Records shown:
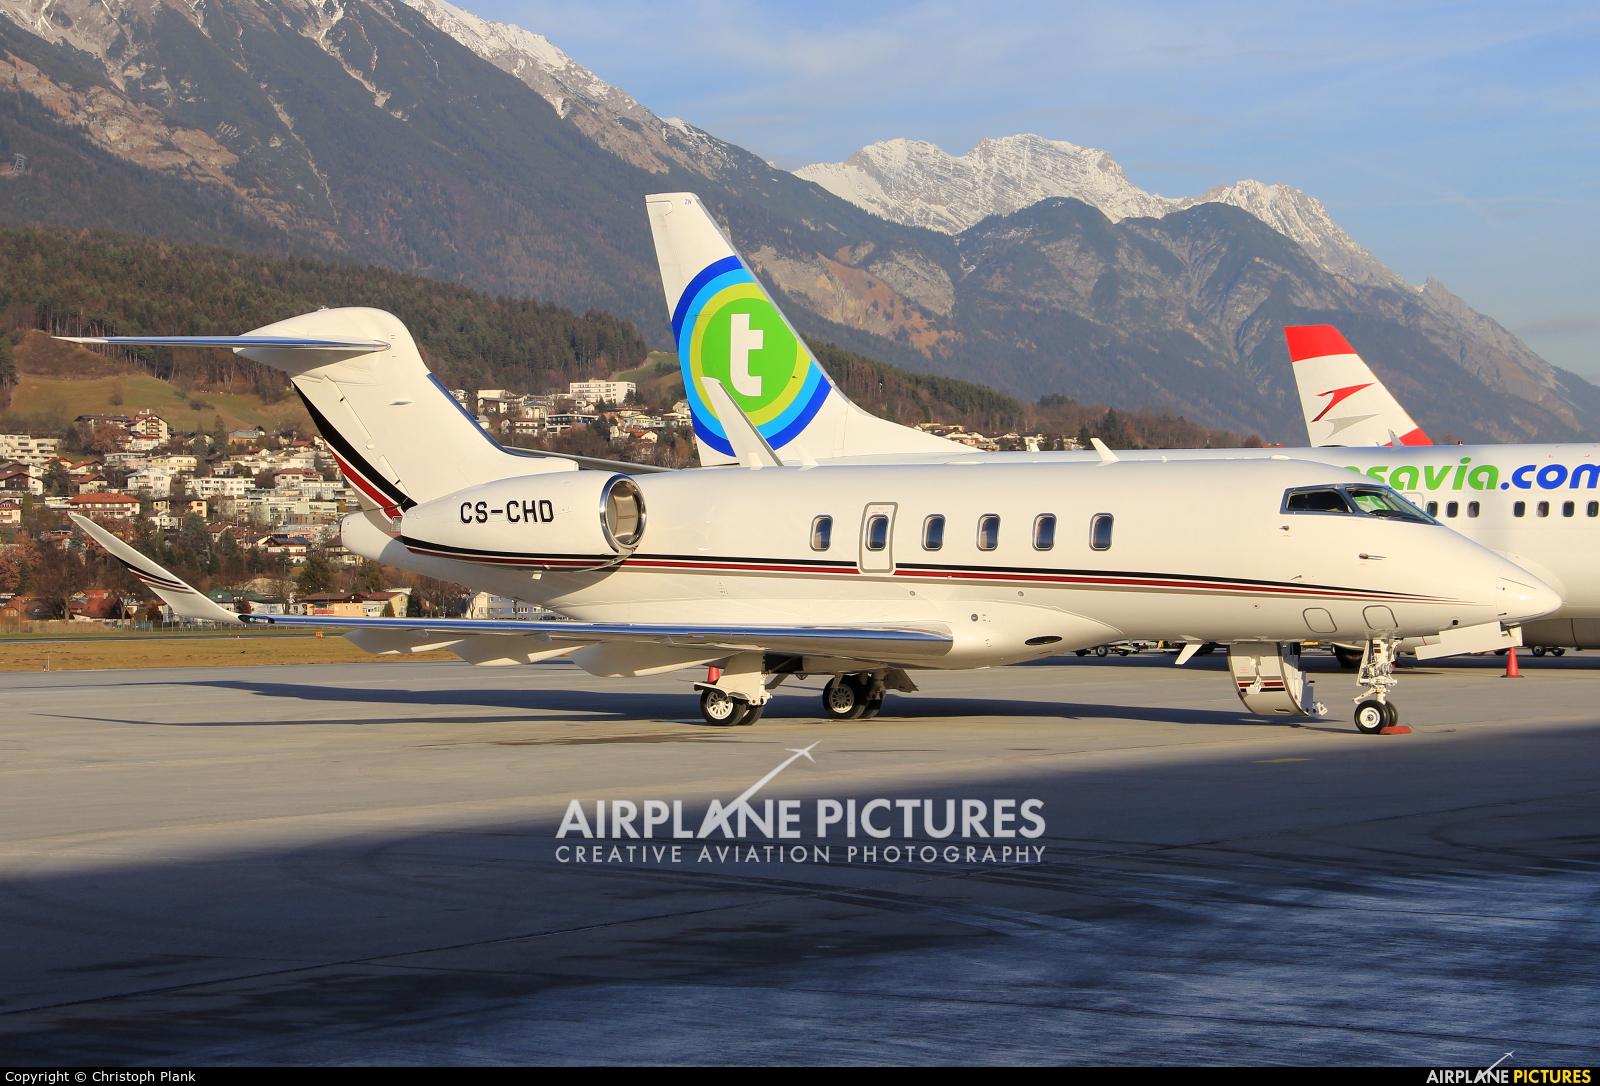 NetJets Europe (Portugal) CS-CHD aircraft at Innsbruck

...

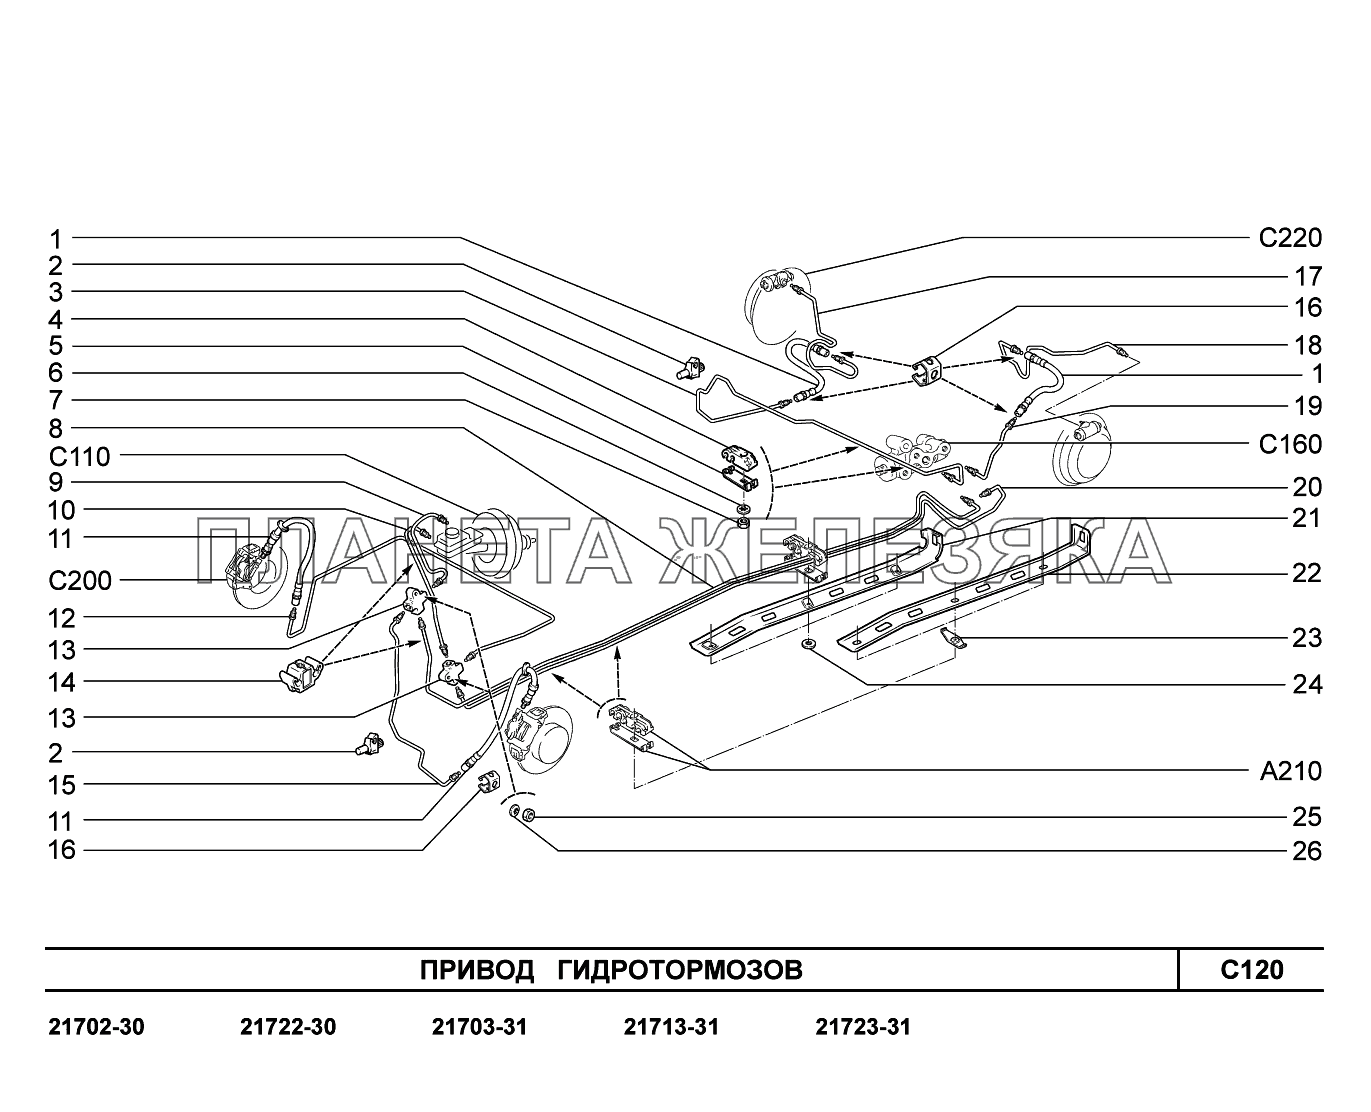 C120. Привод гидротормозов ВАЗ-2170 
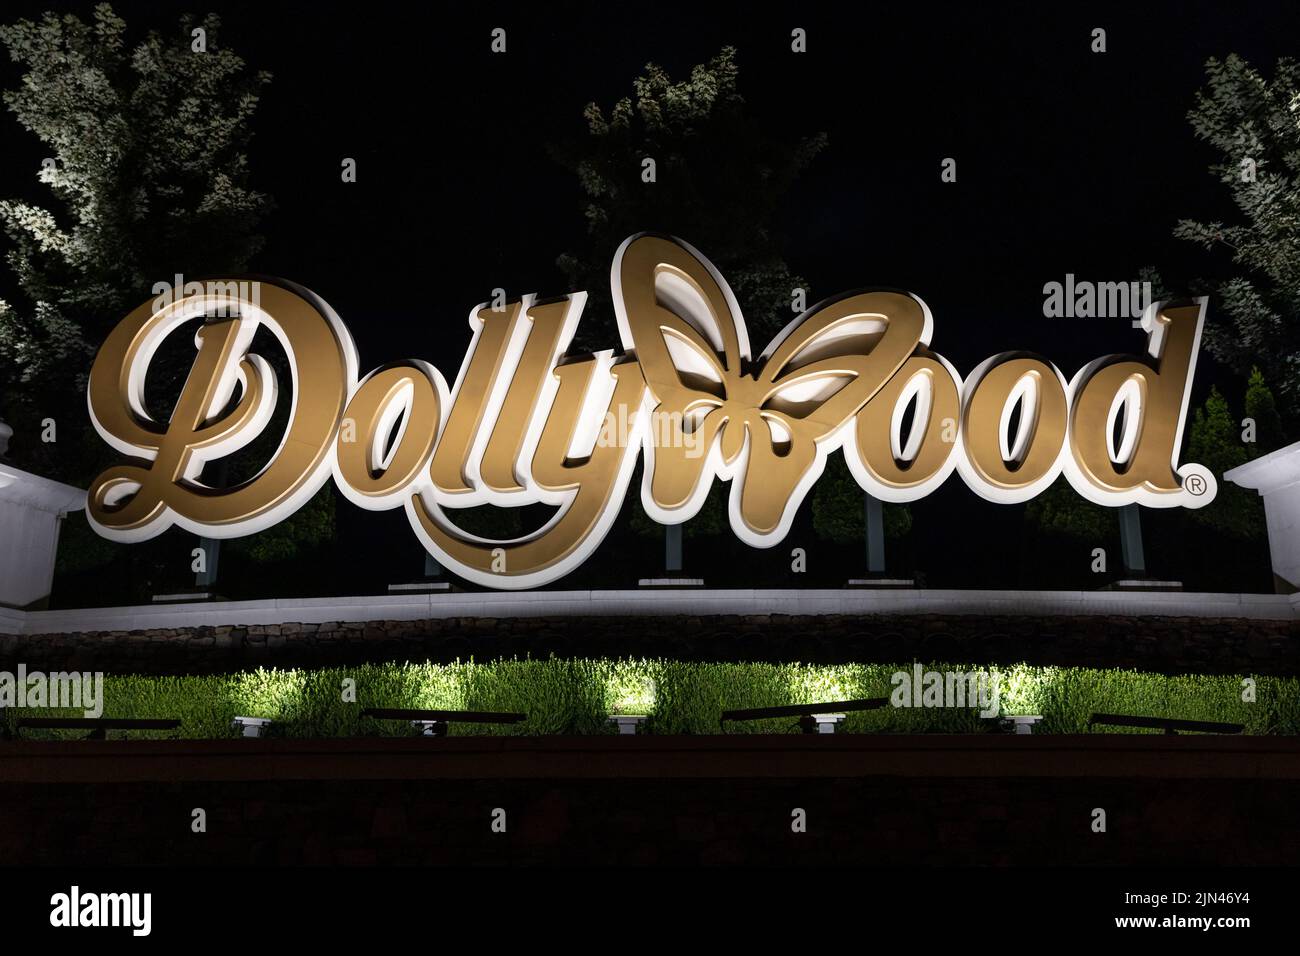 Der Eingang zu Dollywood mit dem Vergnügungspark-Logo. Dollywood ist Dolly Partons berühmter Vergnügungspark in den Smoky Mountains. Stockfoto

To do:
Only the lines above from the one with "C120. Привод гидротормозов ВАЗ-2170" to the one with "Der Eingang zu" should be printed, both included and exactly as written; no picture belongs in the copy.

Answer for the task:
 C120. Привод гидротормозов ВАЗ-2170 
 Der Eingang zu Dollywood mit dem Vergnügungspark-Logo. Dollywood ist Dolly Partons berühmter Vergnügungspark in den Smoky Mountains. Stockfoto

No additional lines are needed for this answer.